Have you ever tried to get employees to a system or process that they don’t like or is hard to use? Compliance becomes incredibly difficult in those settings. 

And if your staff are responsible for raw data generation, for example imputing sales numbers, logging support calls, documenting processes/projects, or tracking their own time/activities, then getting compliance is incredibly important because that data gets fed up the organization to make major strategic decisions. 

Why invest in intranet ux

So it’s in the best interest of the organization to make that activity as easy and straightforward as possible, to get the cleanest, most complete data and make the best decision.

Having a well-designed intranet that makes processes easy to follow and operations easy to complete inevitably drives up user adoption, inevitably cascading up to business decisions higher up the organization.

Better UX Improves Employee Retention

51% of employers say that poor technology makes it difficult to retain employees, and 76% of millennials say they would take a lower-paying job that they like, over a higher-paying one they don’t. And intranet won’t solve these hiring and retention problems single-handedly.  But what employers are learning is that there is no silver bullet.

Employee retention in a combination of lots of things, including the technology that staff need to use.

For organizations hiring high-value employees, for example, a university looking for a professor, where the cost of hiring is can be $5,000+, every new hire is a bit hit to the bottom line.

By taking an incremental approach to employee retention, organizations significantly reduce their hiring costs.

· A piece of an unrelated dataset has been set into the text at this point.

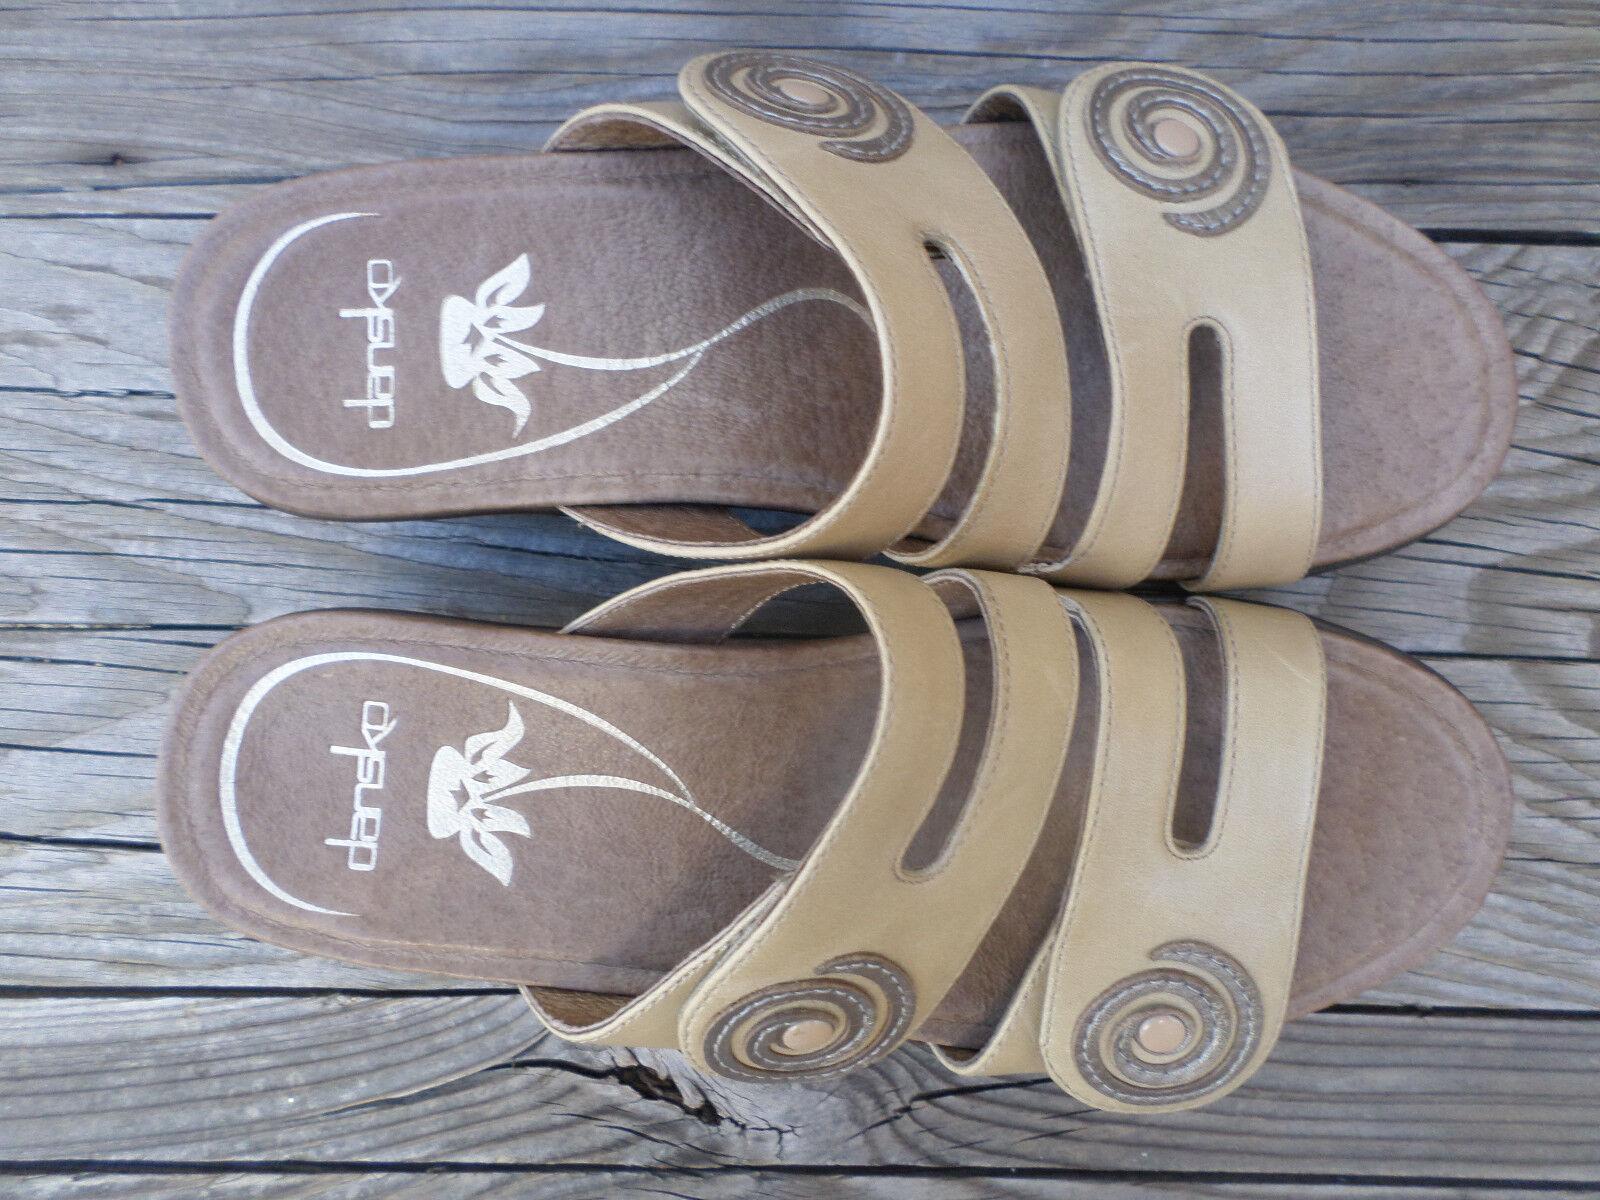 Dansko Tan Leather Sandals Donna  37      6.5-7 f5f92c

Improving the internal and customer-facing technology that you’re using can and should be on that roadmap. 

And because the intranet usually touches every team, improving intranet UX is an easy place to start.

Final Thoughts

Intranets have, for too long, been neglected due to the divide between customer- and user-facing technology.

But in reality, the organizational bottom line doesn’t care what side of the table the technology is on.

Internal tools, in general, and informational / communication tools like intranets in particular, can deliver significant benefits to an organization. 

By making information and communication simple, fast, and easy in a tool that works like every other digital tool your staff is using in their own lives, a well-designed intranet can:

  • Improve employee efficiency
  • Drive employee process compliance
  • Lift employee retention.

Each of these areas delivers enough ROI to justify a UX intranet project. Combined, they make investing in intranet UX the easiest decision an organization can (and should) make.